# Christmas Communion



## ABondSlaveofChristJesus (Dec 3, 2004)

It says on my schedule that this sunday night that the chapel in my college (which is manditory I go to) is having a Christmas communion.


----------



## Scott Bushey (Dec 3, 2004)

What is their definition of "communion"? Do they mean, a get-together? Surely it is not the table.


----------



## ABondSlaveofChristJesus (Dec 3, 2004)

Scott it is the table...


----------



## fredtgreco (Dec 3, 2004)

This is all too common today. The usurpation of the sacraments is the chief sin of parachurch organizations.


----------



## Scott (Dec 3, 2004)

Yes, it is no wonder that many evangelicals are seeing the institutional church as optional.


----------



## fredtgreco (Dec 3, 2004)

Sure - we don't need a minister to preach, since we can all "preach." Who needs a minister to administer the sacraments? And who needs any kind of discipline? The Four Spiritual Laws replacing the Three Marks.

Sigh...


----------



## VirginiaHuguenot (Dec 3, 2004)

"...mandatory..."

God alone is Lord of the conscience, and has left it free from the doctrines and commandments of men, which are, in any thing, contrary to His Word; or beside it, if matters of faith, or worship. So that, to believe such doctrines, or to obey such commands, out of conscience, is to betray true liberty of conscience: and the requiring of an implicit faith, and an absolute and blind obedience, is to destroy liberty of conscience, and reason also. (WCF, Chap. XX.II)


----------



## Scott Bushey (Dec 3, 2004)

"You willl sinnzzeee zee papa's olddd mannnn!"


----------



## puriteen18 (Dec 3, 2004)

A slightly similiar incident.....

There is a Tuesday night college "service" at one of the local churches where I go to school that my roomate has been attending. The teachings are for the most part upsetting to say the least. 

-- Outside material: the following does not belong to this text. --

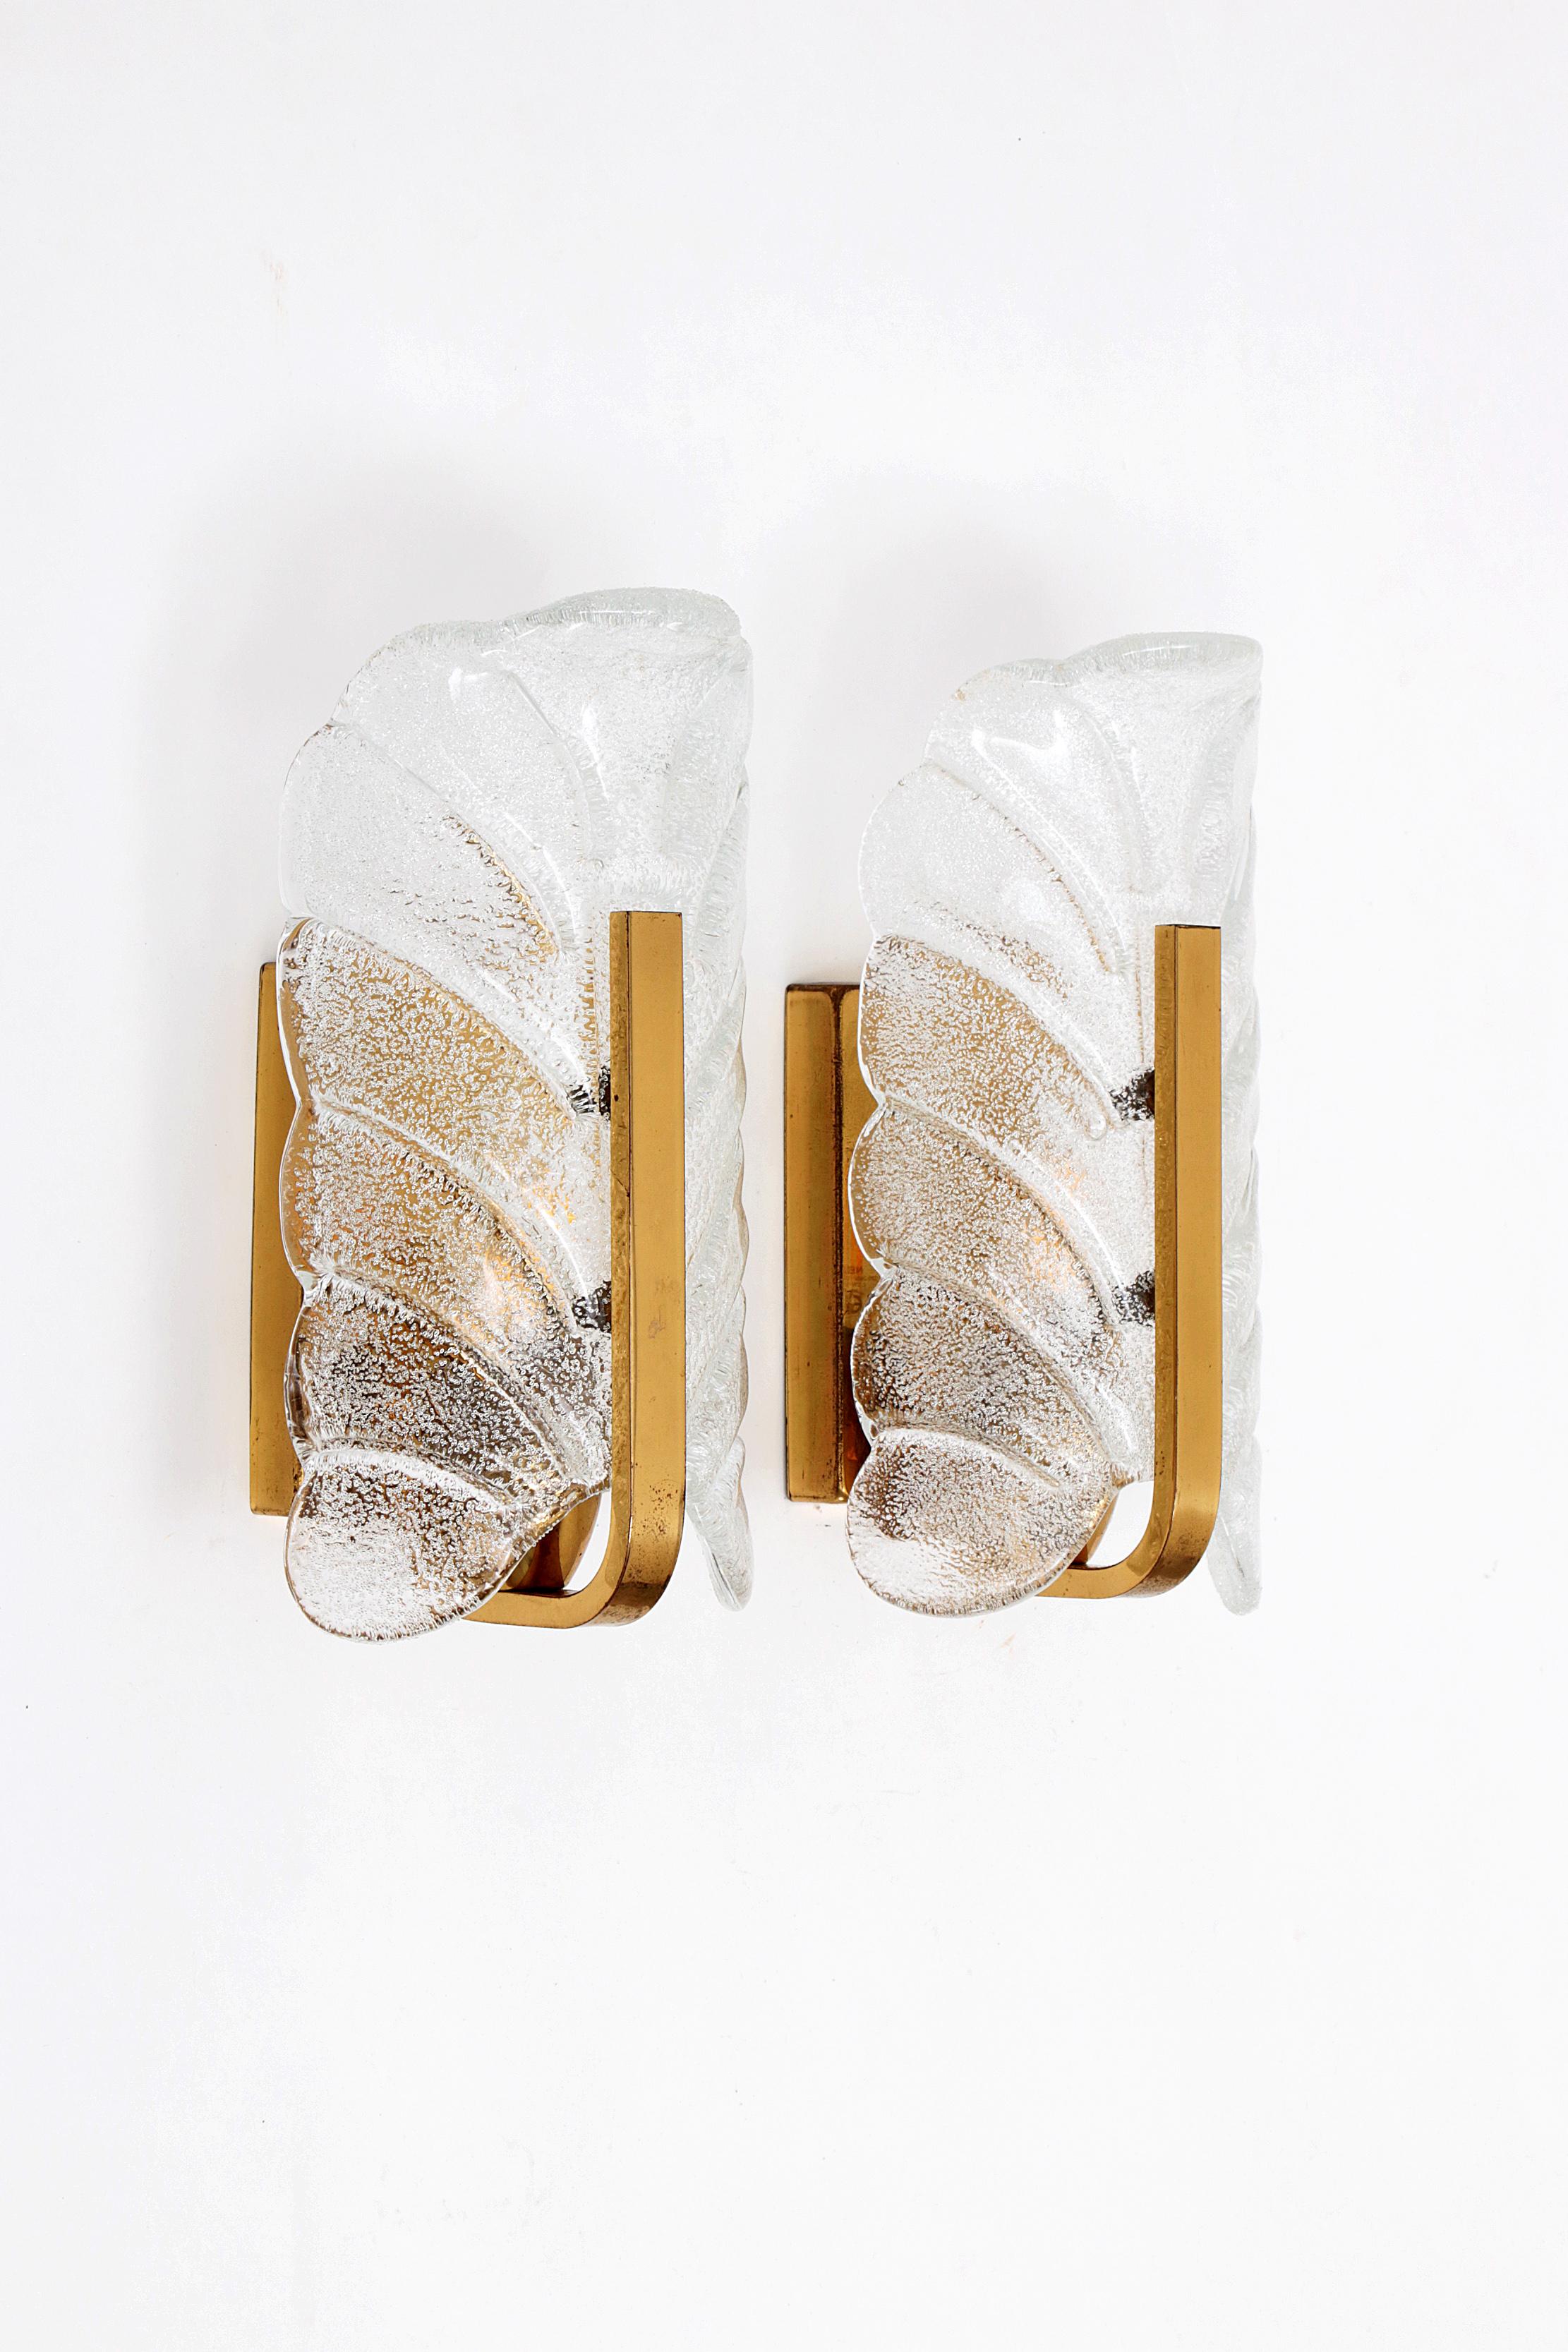 Pair of Scandinavian glass wall lamps/candlesticks by Carl Fagerlund for Orrefors (1960s). Clear glass shade representing a leaf (matte embossed on the inside and glossy on the outside) on polished brass. Spreads the light beautifully (see

Anyway, everyone is welcome there. There are Methodists, Baptists, I'm sure some Presbyterians USA, and "instrumental" Church of Christ.

They announced that they would be celebrating Communion next week. It is rather disgusting.


----------



## pastorway (Dec 3, 2004)

Just because you have to go doesn;t mean that you have to partake!

Examine yourself and if they ask, simply reply that you found yourself unworthy to partake of _their_ communion.

Phillip


----------



## WrittenFromUtopia (Dec 3, 2004)

My gosh. Surely they're not serious. You have got to be kidding me.


----------